#### [TASK DETAILS]
Please reproduce the data exactly, though every picture must stay out.

#### [SUPPLIED DATA]
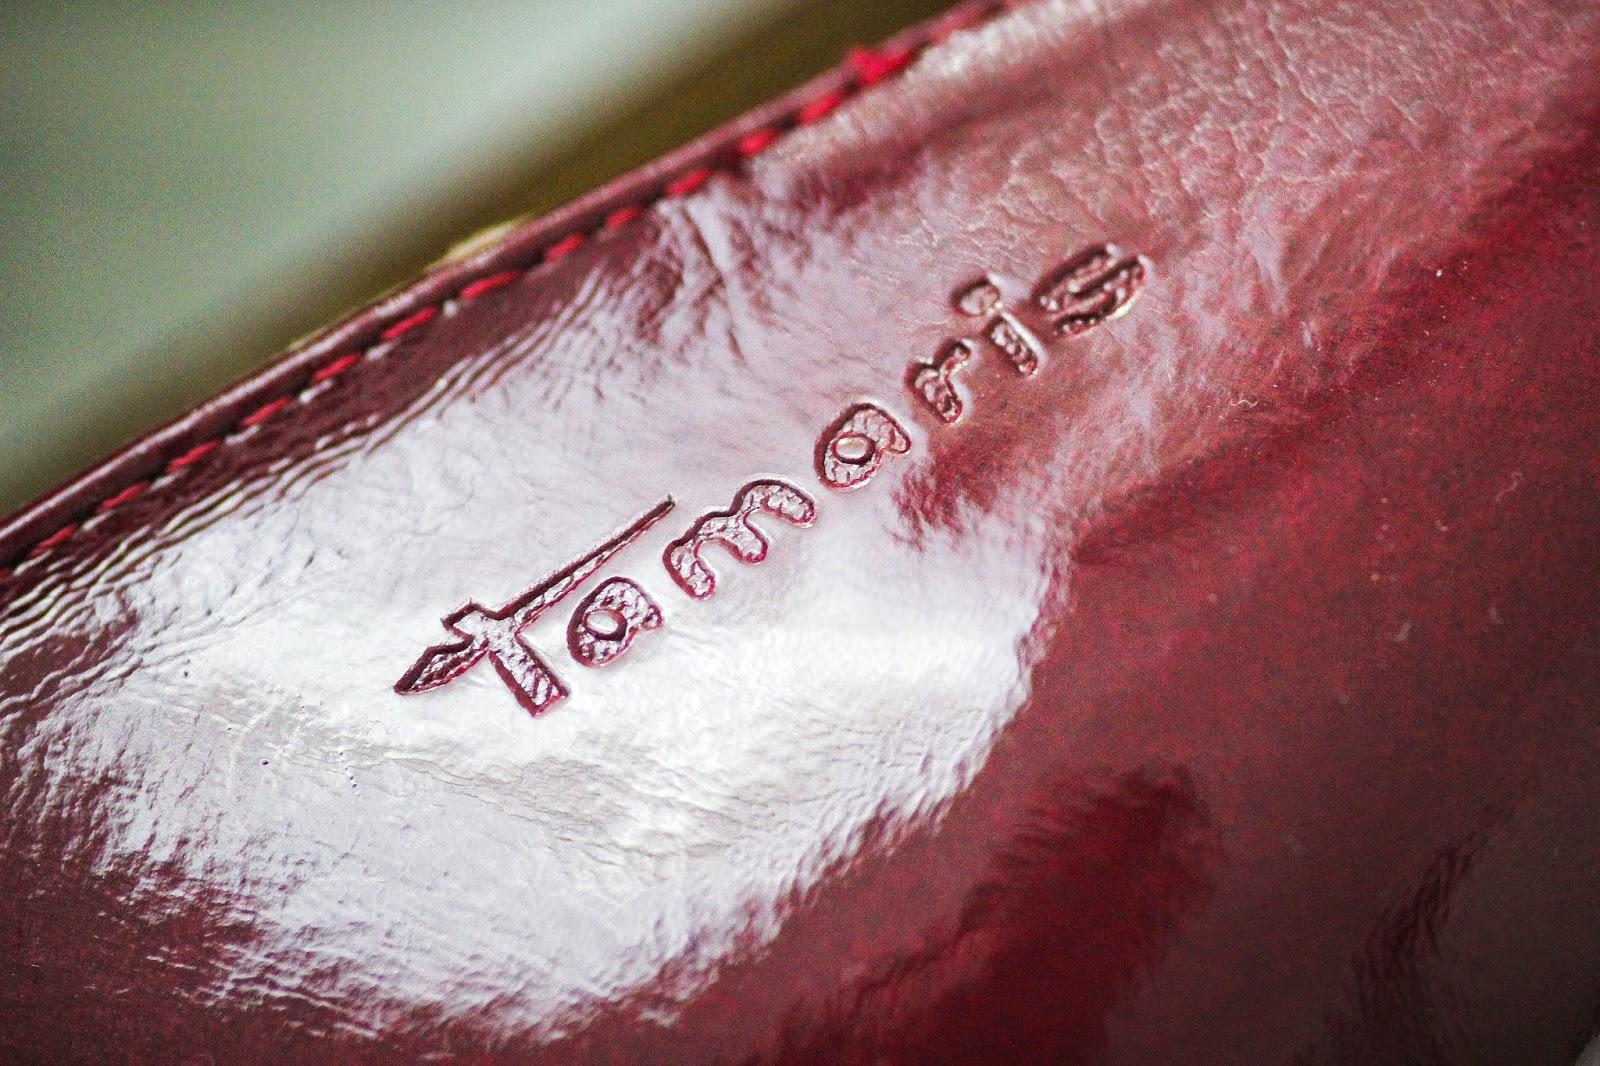 SHOES: TAMARAS SHOES RED PUMPS PRIZMAHFASHION
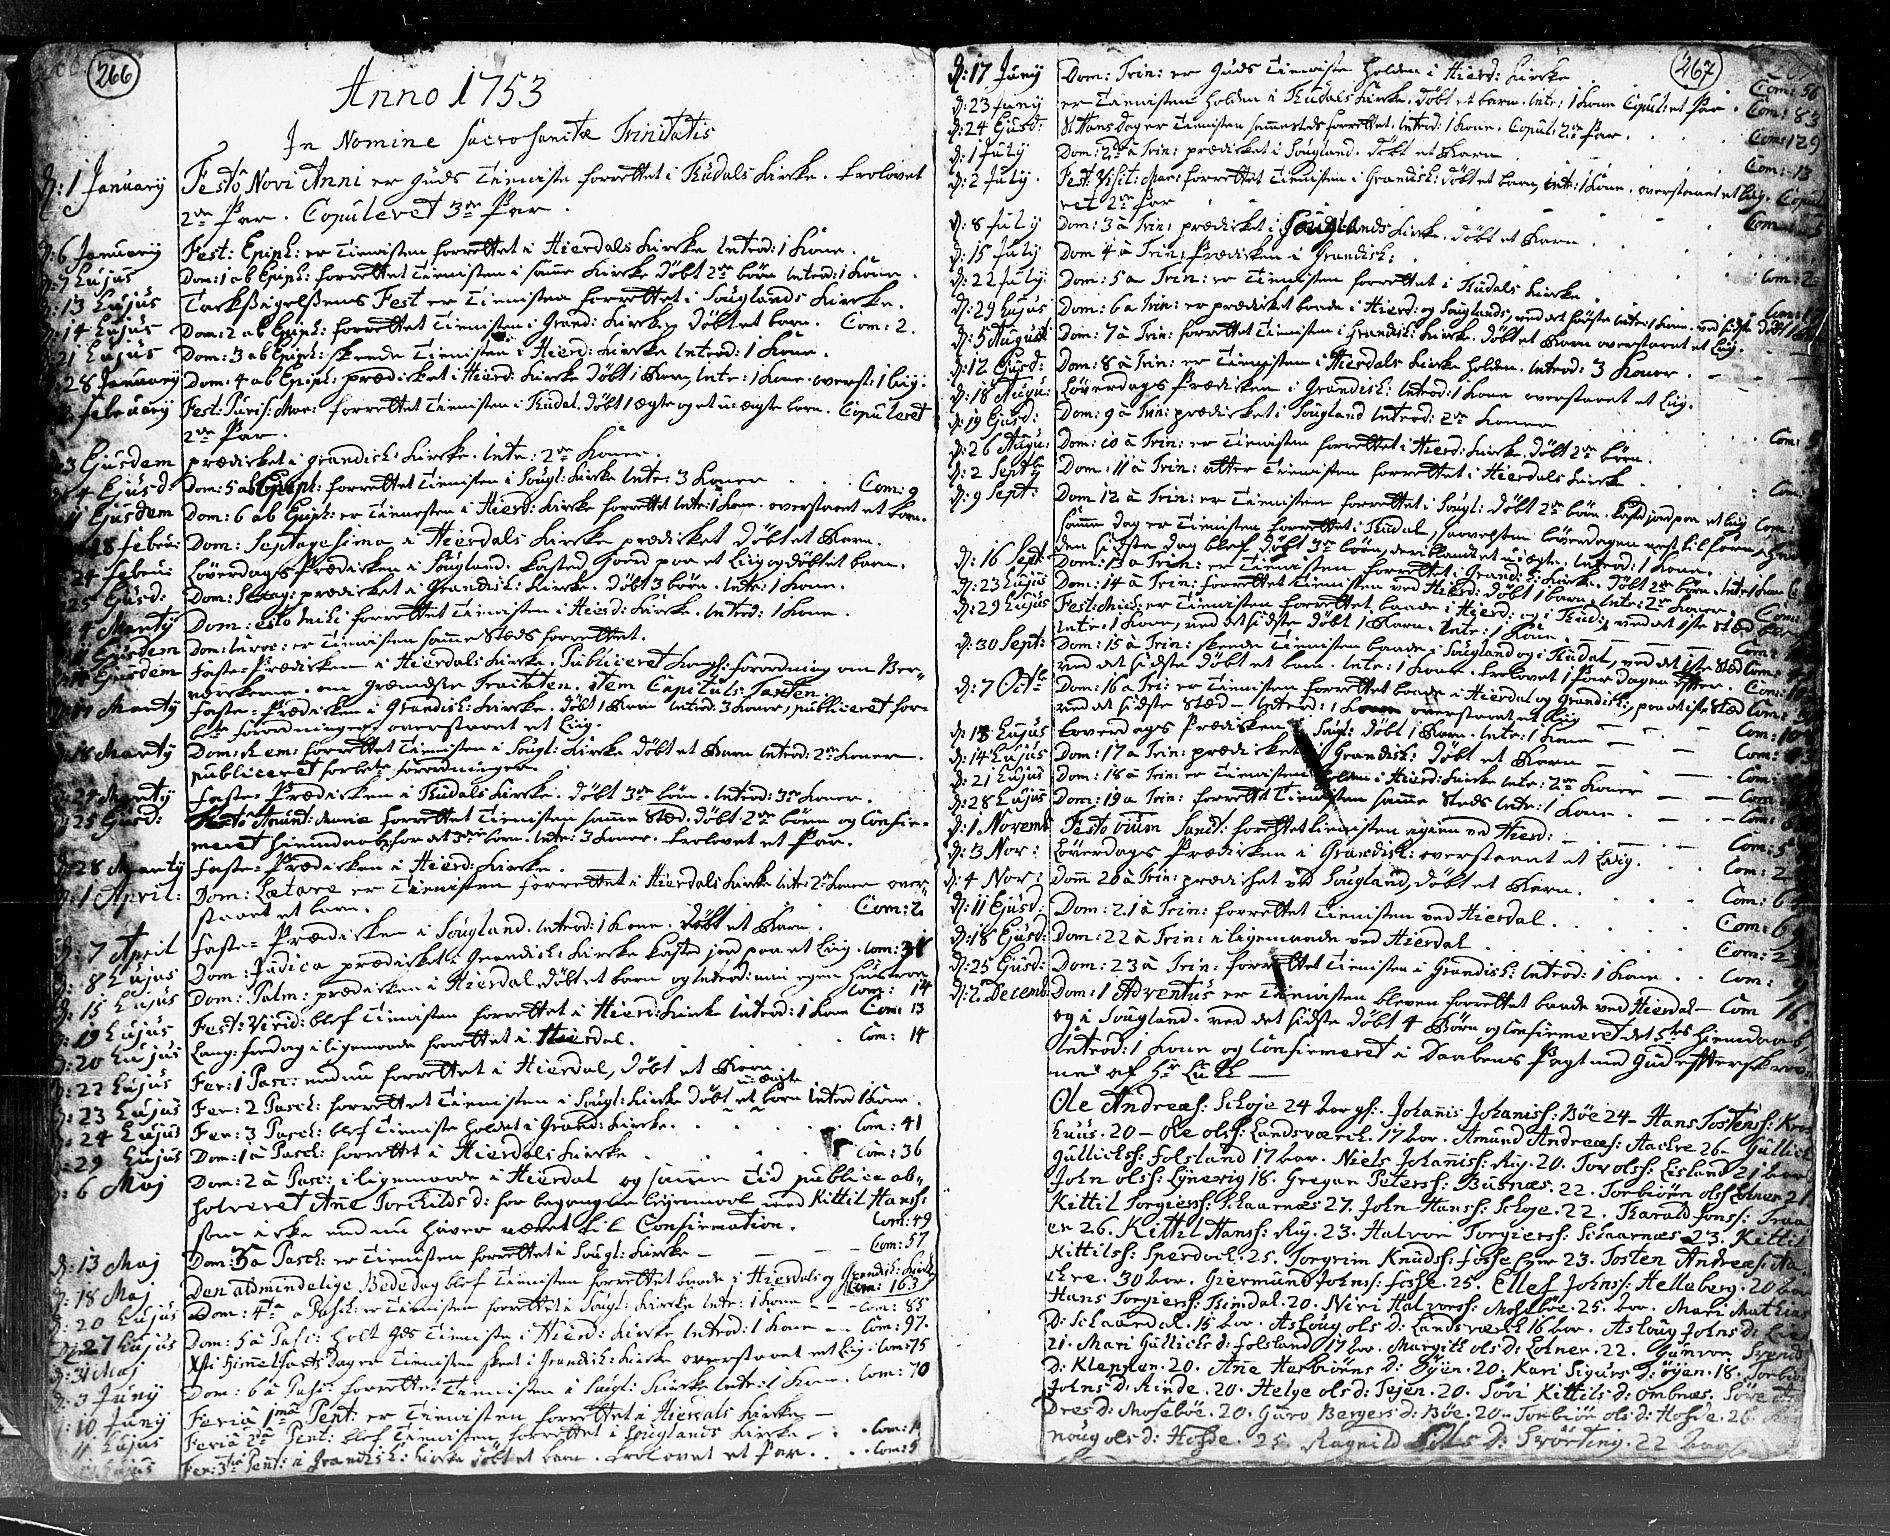 SAKO, Hjartdal kirkebøker, F/Fa/L0002: Ministerialbok nr. I 2, 1716-1754, s. 266-267
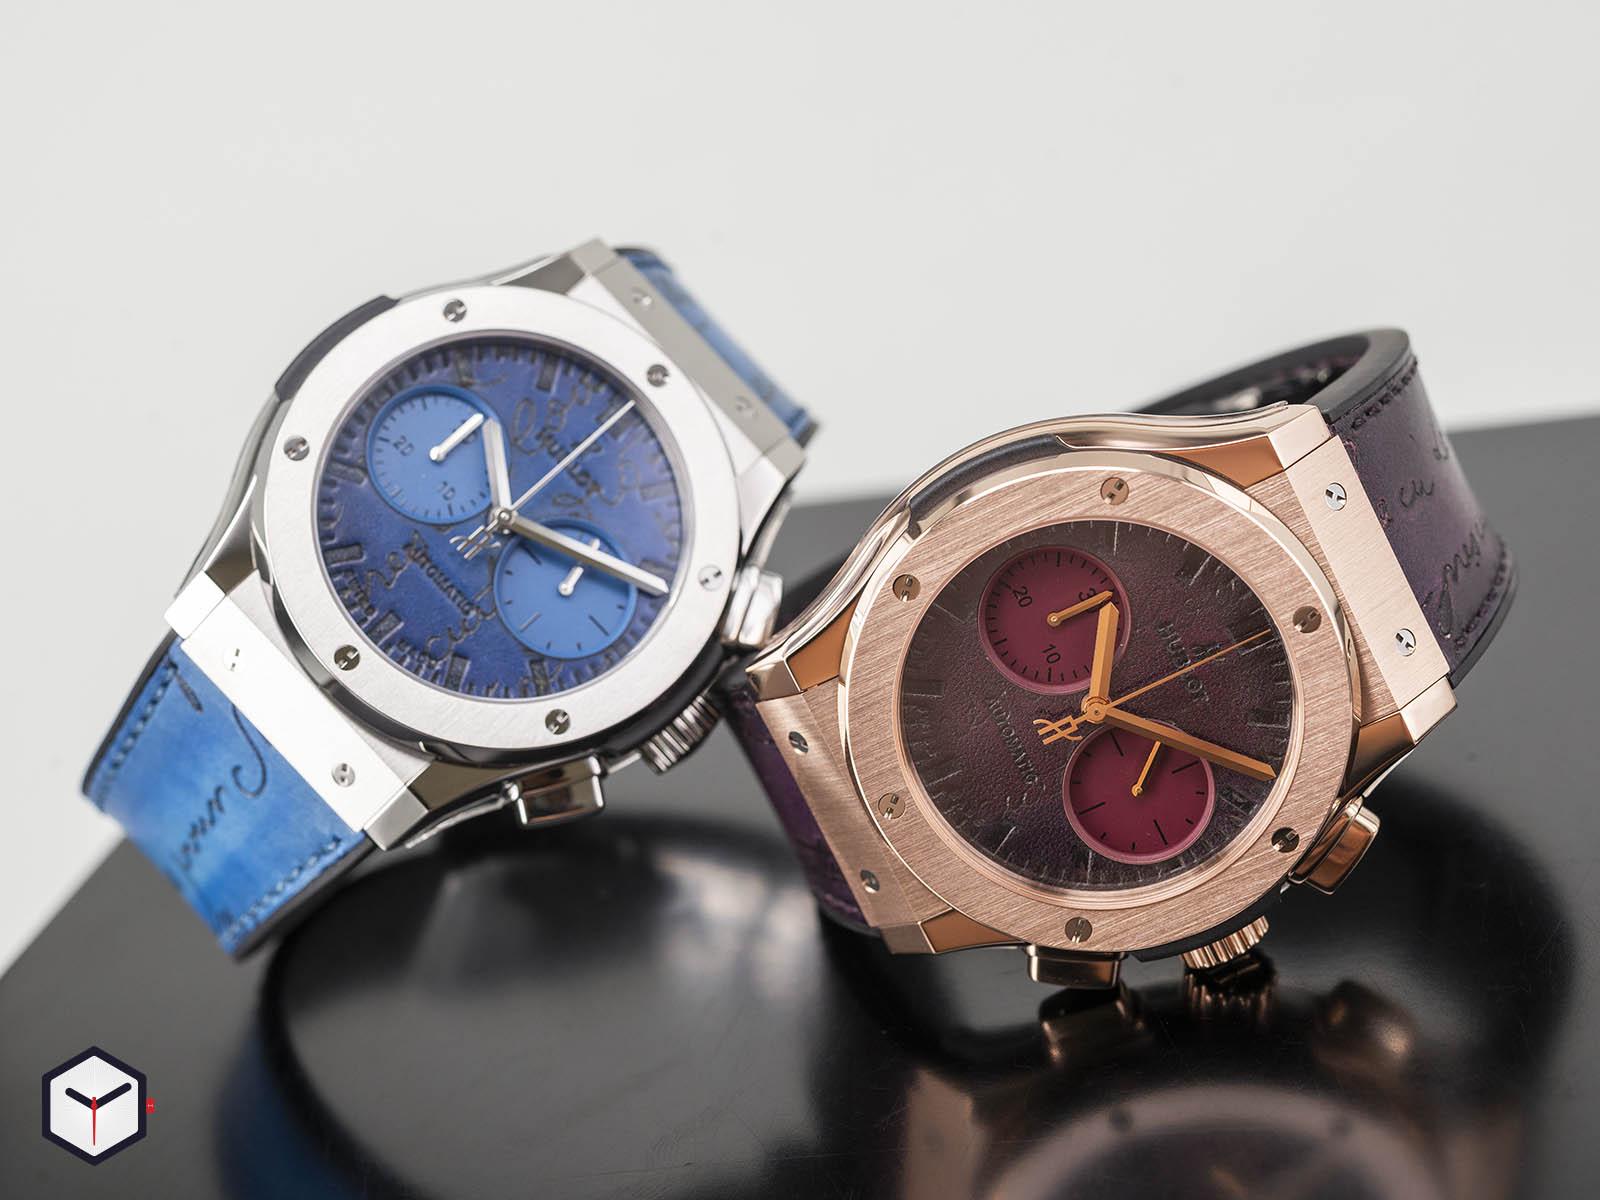 521-nx-050b-vr-ber18-hublot-classic-fusion-chronograph-berluti-scritto-ocean-blue-45mm-5.jpg

#### [TASK OUTPUT]
 SHOES: TAMARAS SHOES RED PUMPS PRIZMAHFASHION
 SAKO, Hjartdal kirkebøker, F/Fa/L0002: Ministerialbok nr. I 2, 1716-1754, s. 266-267
 521-nx-050b-vr-ber18-hublot-classic-fusion-chronograph-berluti-scritto-ocean-blue-45mm-5.jpg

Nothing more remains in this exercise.